2 MACFARLANE LTD - Analysis Report
Credit Opinion: CONDITIONAL APPROVAL
2 Macfarlane Ltd is an active private limited company operating in real estate letting. The company holds substantial fixed assets (~£975k), indicating ownership of property or similar long-term assets. However, it exhibits a significant working capital deficit with current liabilities (£794k) exceeding current assets (£140k) by £654k as of the latest accounts. The company also has long-term borrowings of £262k, which increases financial leverage. While net assets have slightly improved from £53k to £58k, equity (shareholders’ funds) remains modest at £100k with accumulated losses of approximately £42k. Directors have maintained timely filings with no overdue accounts or confirmation statements, showing compliance discipline. Given the negative net current assets and reliance on borrowings, credit extension should be conditional on robust cash flow projections and potentially additional security or guarantees to mitigate liquidity risk.Financial Strength:
The balance sheet is asset-heavy with nearly all value tied up in fixed assets. The tangible fixed assets have been stable in value, reflecting no impairment or disposals. However, the large negative net current assets position highlights a liquidity strain. Current liabilities decreased from £943k in 2022 to £794k in 2023, which is positive, but still significantly higher than current assets. The increase in debt due after one year (£262k) introduces medium-term financial obligations. Shareholders’ funds are thin, suggesting limited equity buffer to absorb potential losses. Overall, the company’s financial strength is moderate but constrained by liquidity risks and relatively low equity.Cash Flow Assessment:
Cash at bank is minimal (£1,051), indicating limited immediate liquidity.
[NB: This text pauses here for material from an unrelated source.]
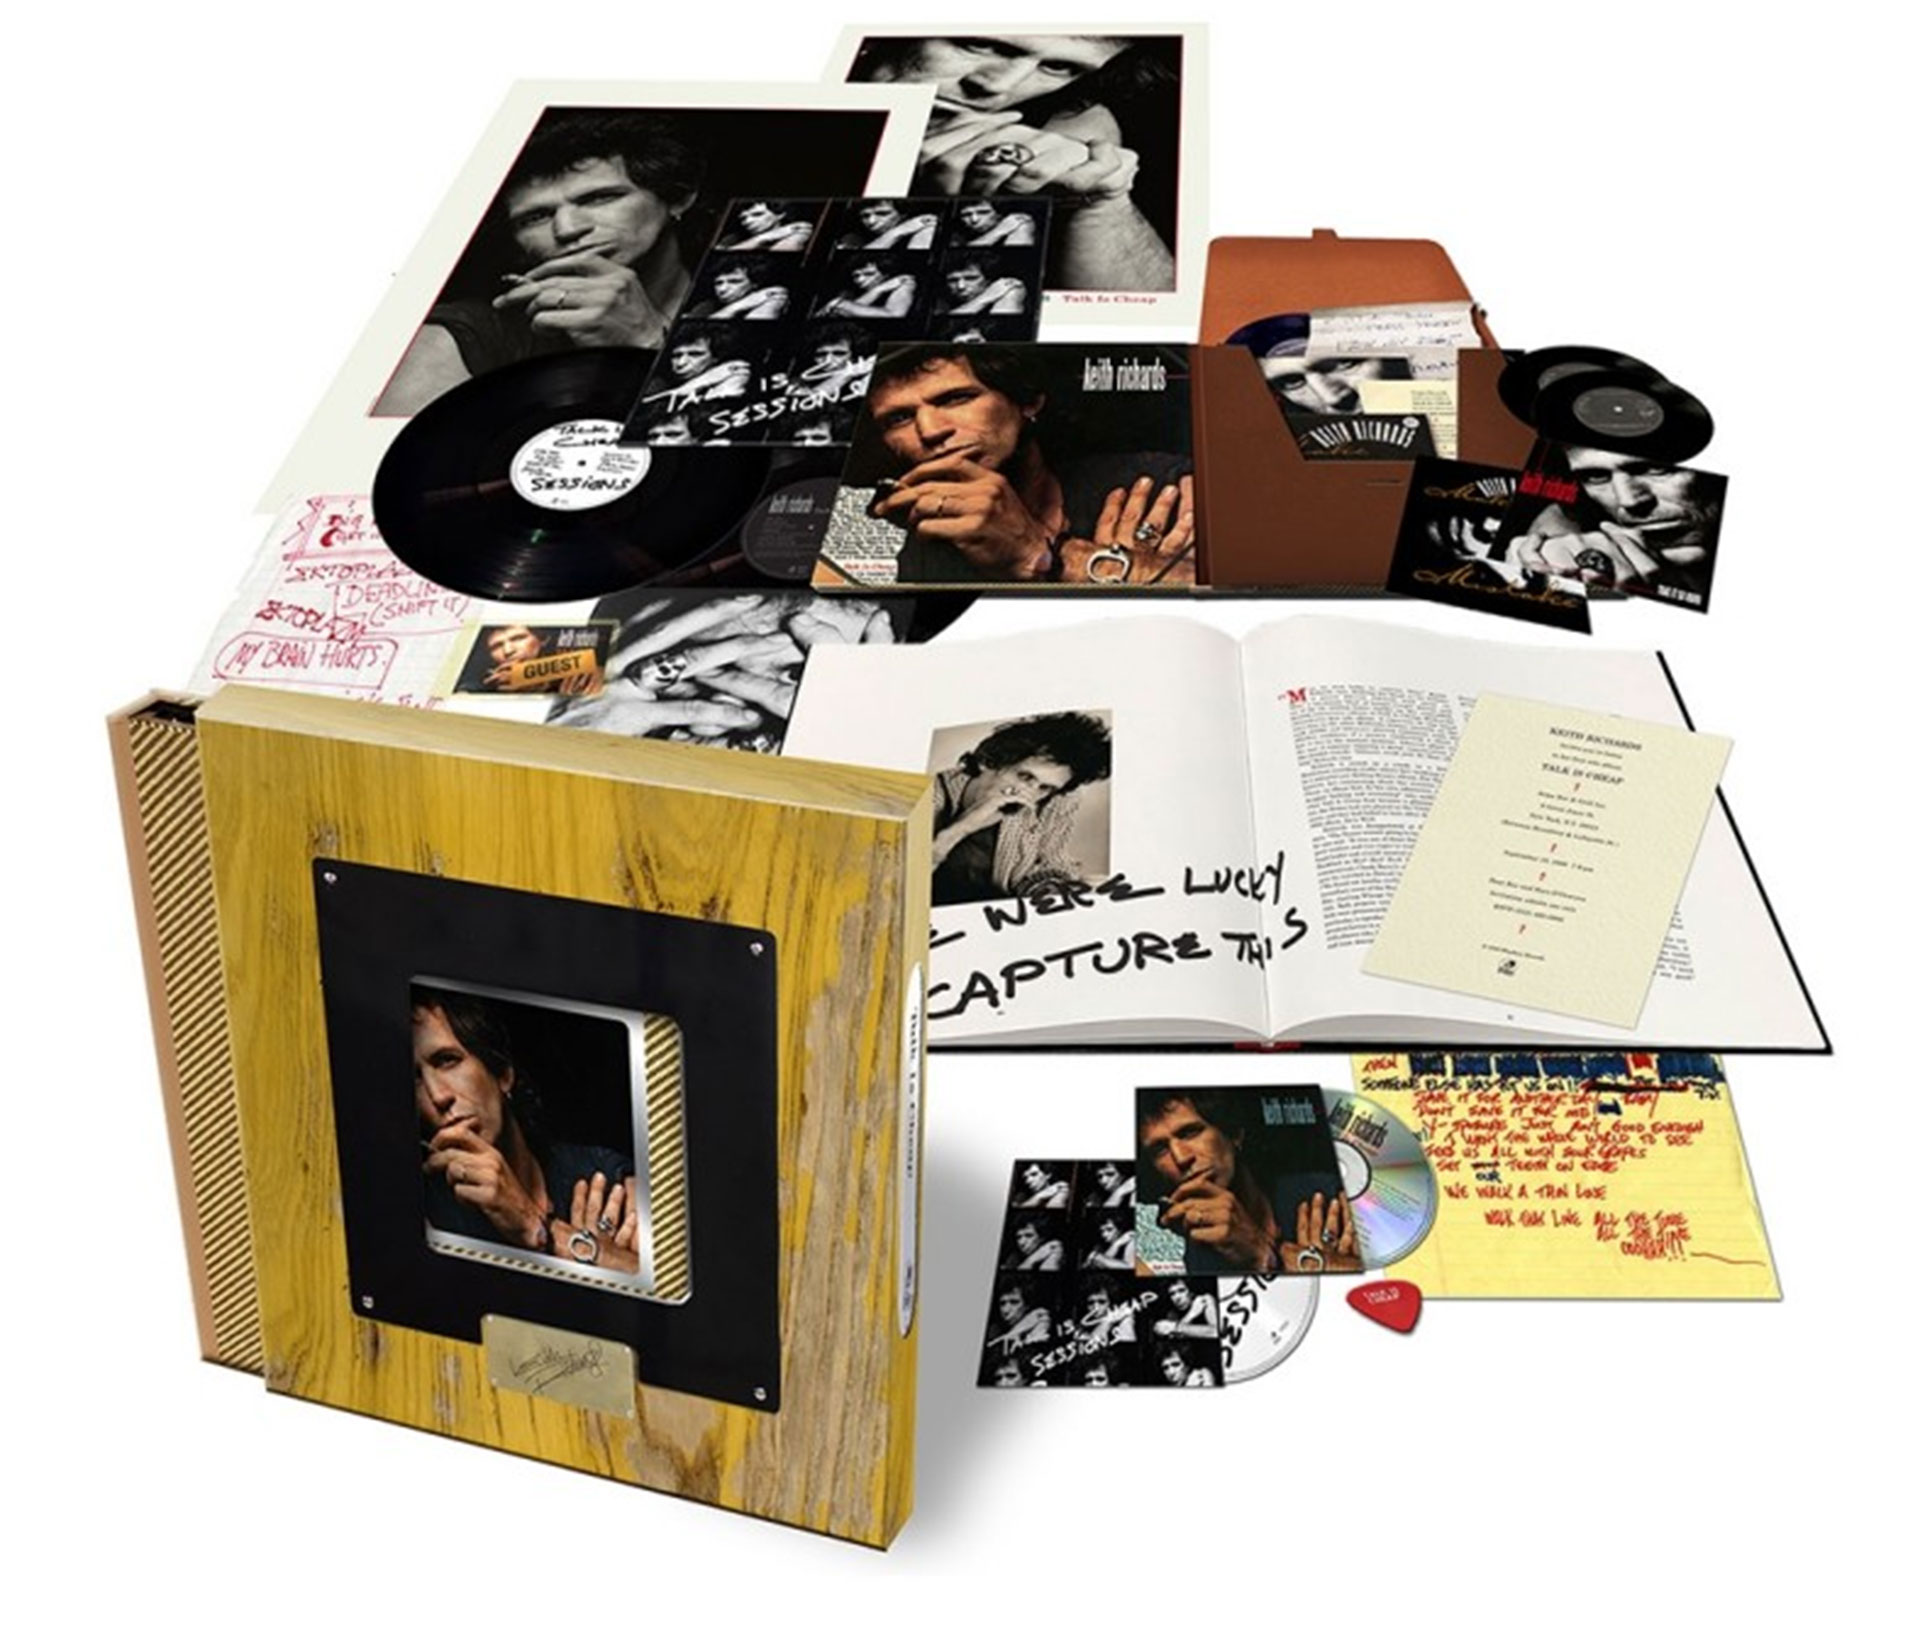 El Box Set Deluxe que salió a la venta con la reedición de Talk is cheap. Foto: Sitio Oficial KR.
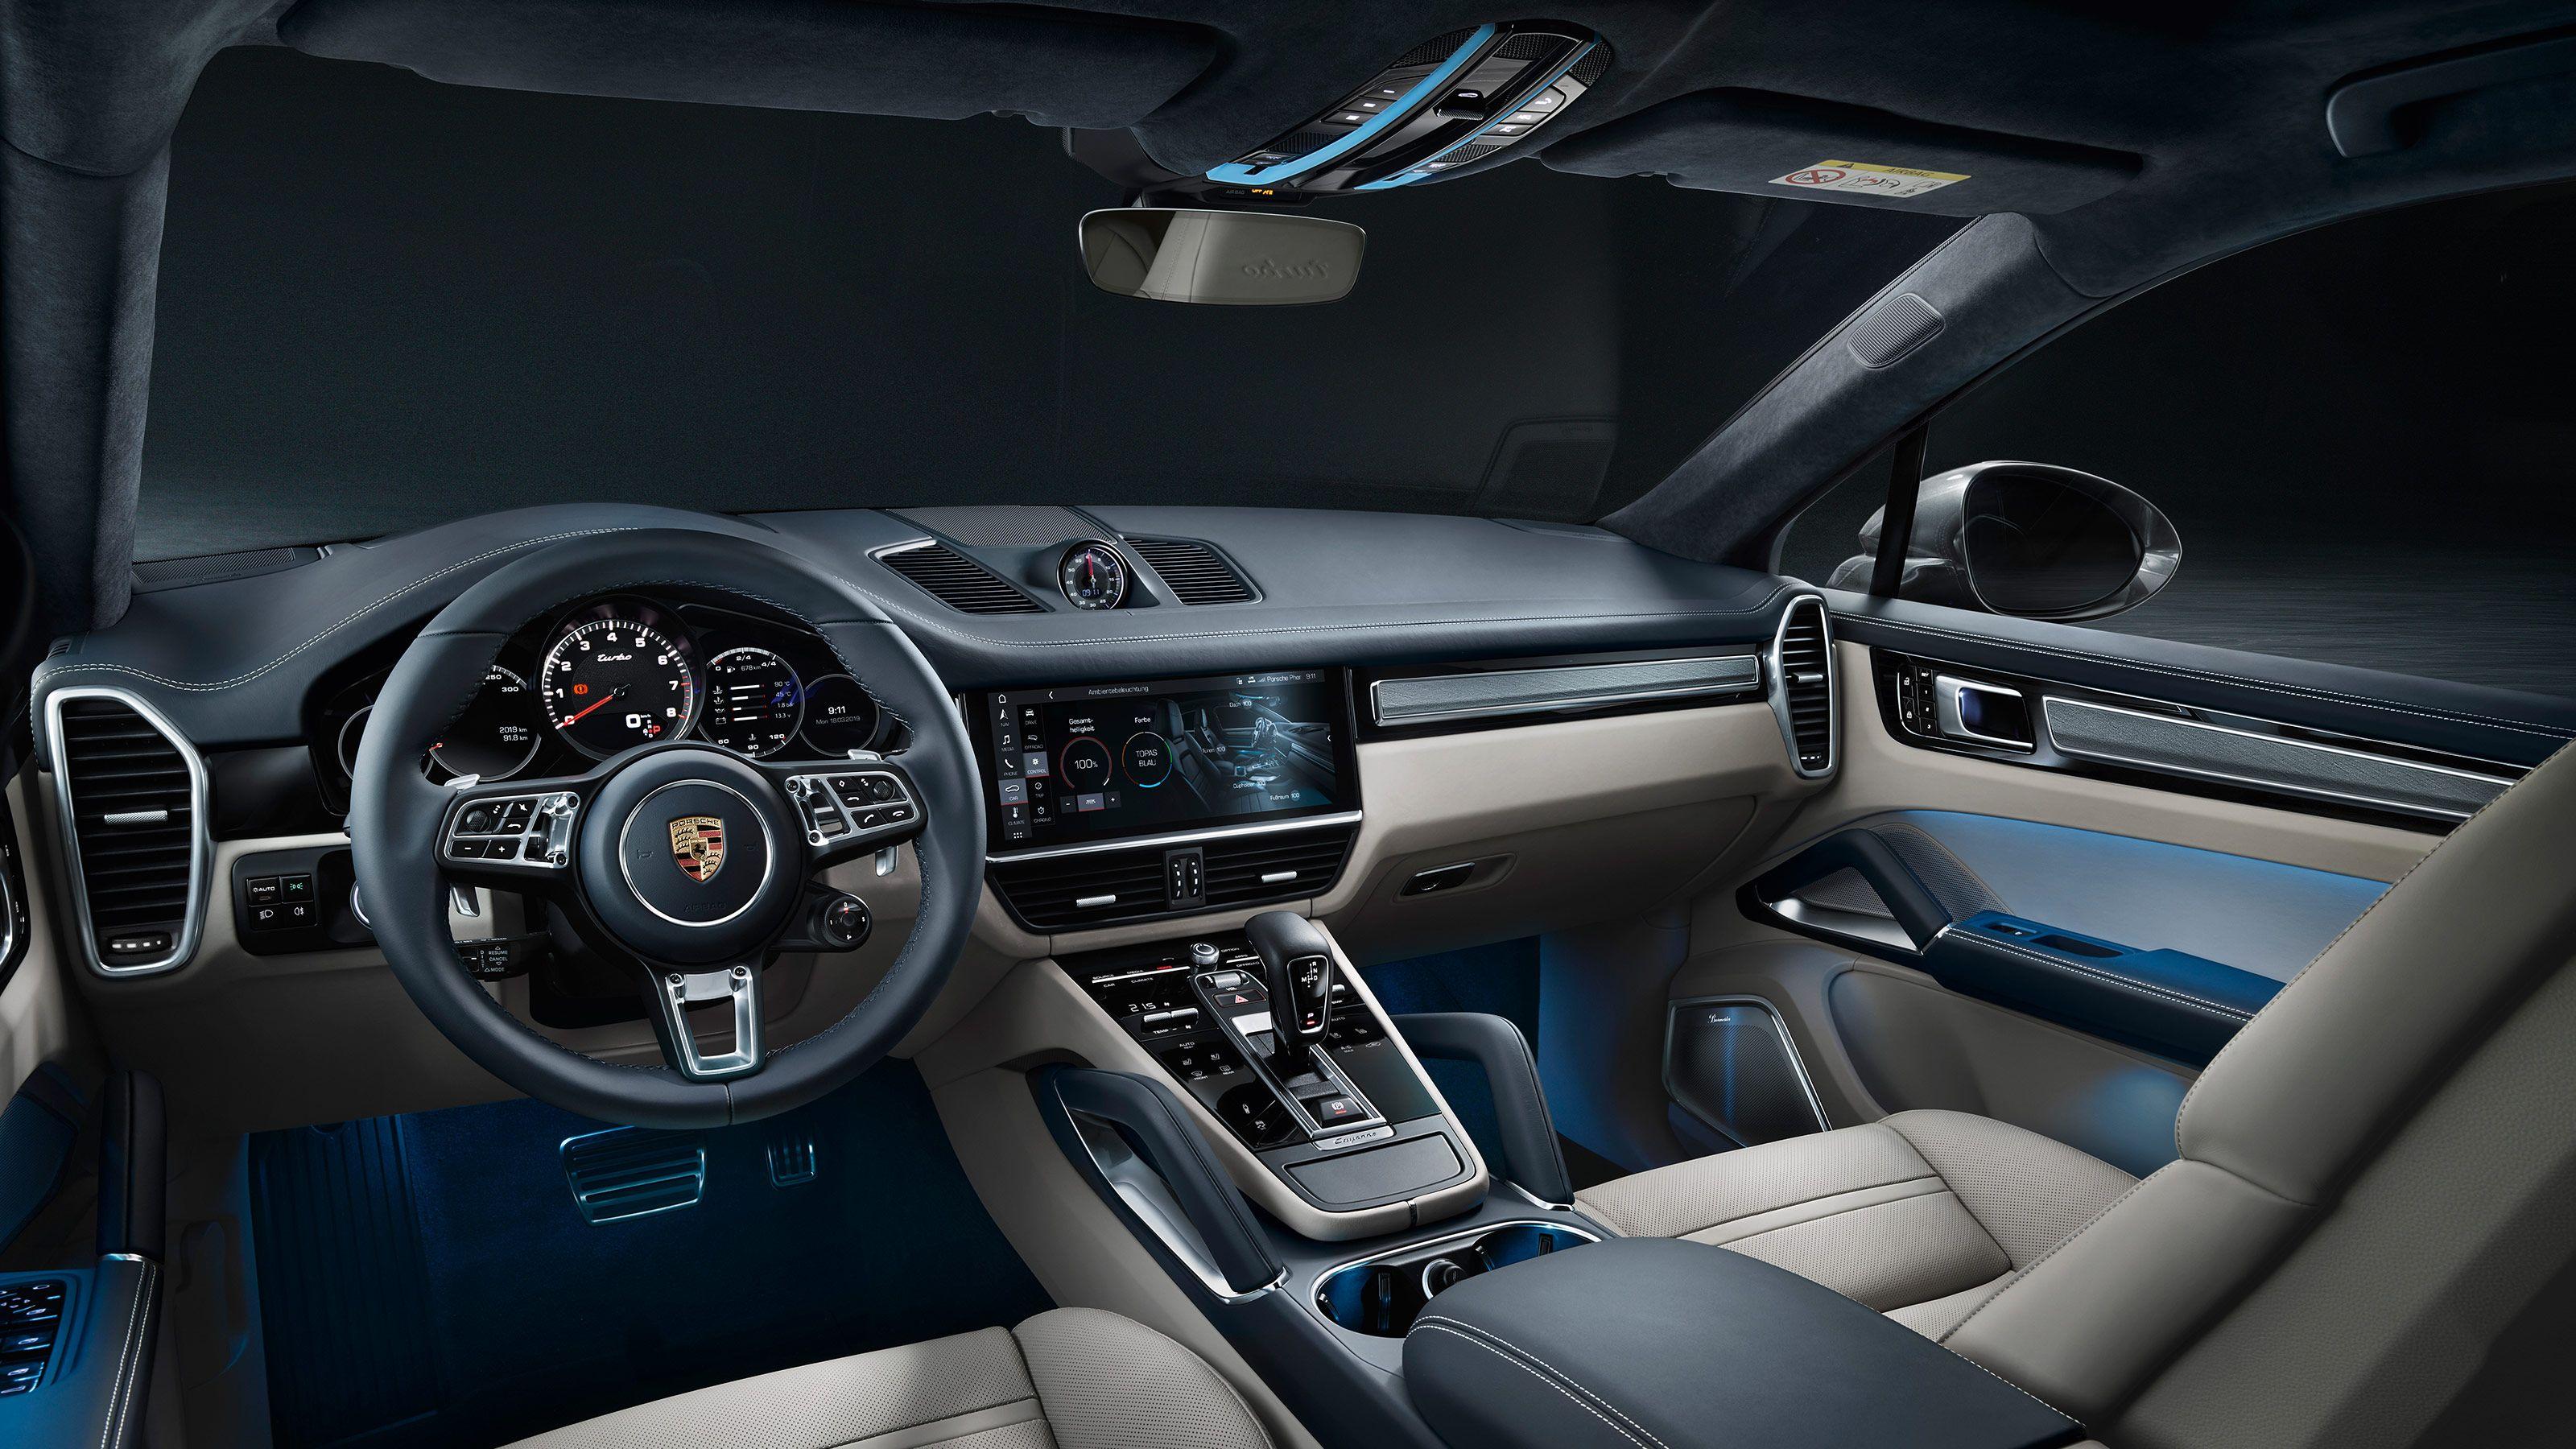 Modeli Novij Porsche Cayenne Coupe Porsche Cayenne Porsche Panamera Porsche Cayenne Interior

Debtors have increased markedly to £139k from £12k, which may reflect slower collection or larger sales on credit. The large short-term creditor balance (£794k) indicates significant payables, likely related to financing or operational expenses. Negative net current assets imply the company may face challenges meeting short-term obligations without refinancing or cash injections. There is no direct information on operating cash flow, but the financial position suggests cash flow management is critical. Close monitoring of debtor collections and creditor terms will be essential.Monitoring Points:
- Working capital improvement: focus on reducing current liabilities and/or increasing current assets.
- Debtor aging and collection efficiency, given the large increase in debtors.
- Servicing of short and long-term debt, including interest and principal repayments.
- Any changes in fixed asset valuations or impairments.
- Directors’ ongoing compliance with timely filings and any changes in management or ownership structure.
- Cash flow forecasts and actual liquidity trends over the next 12 months.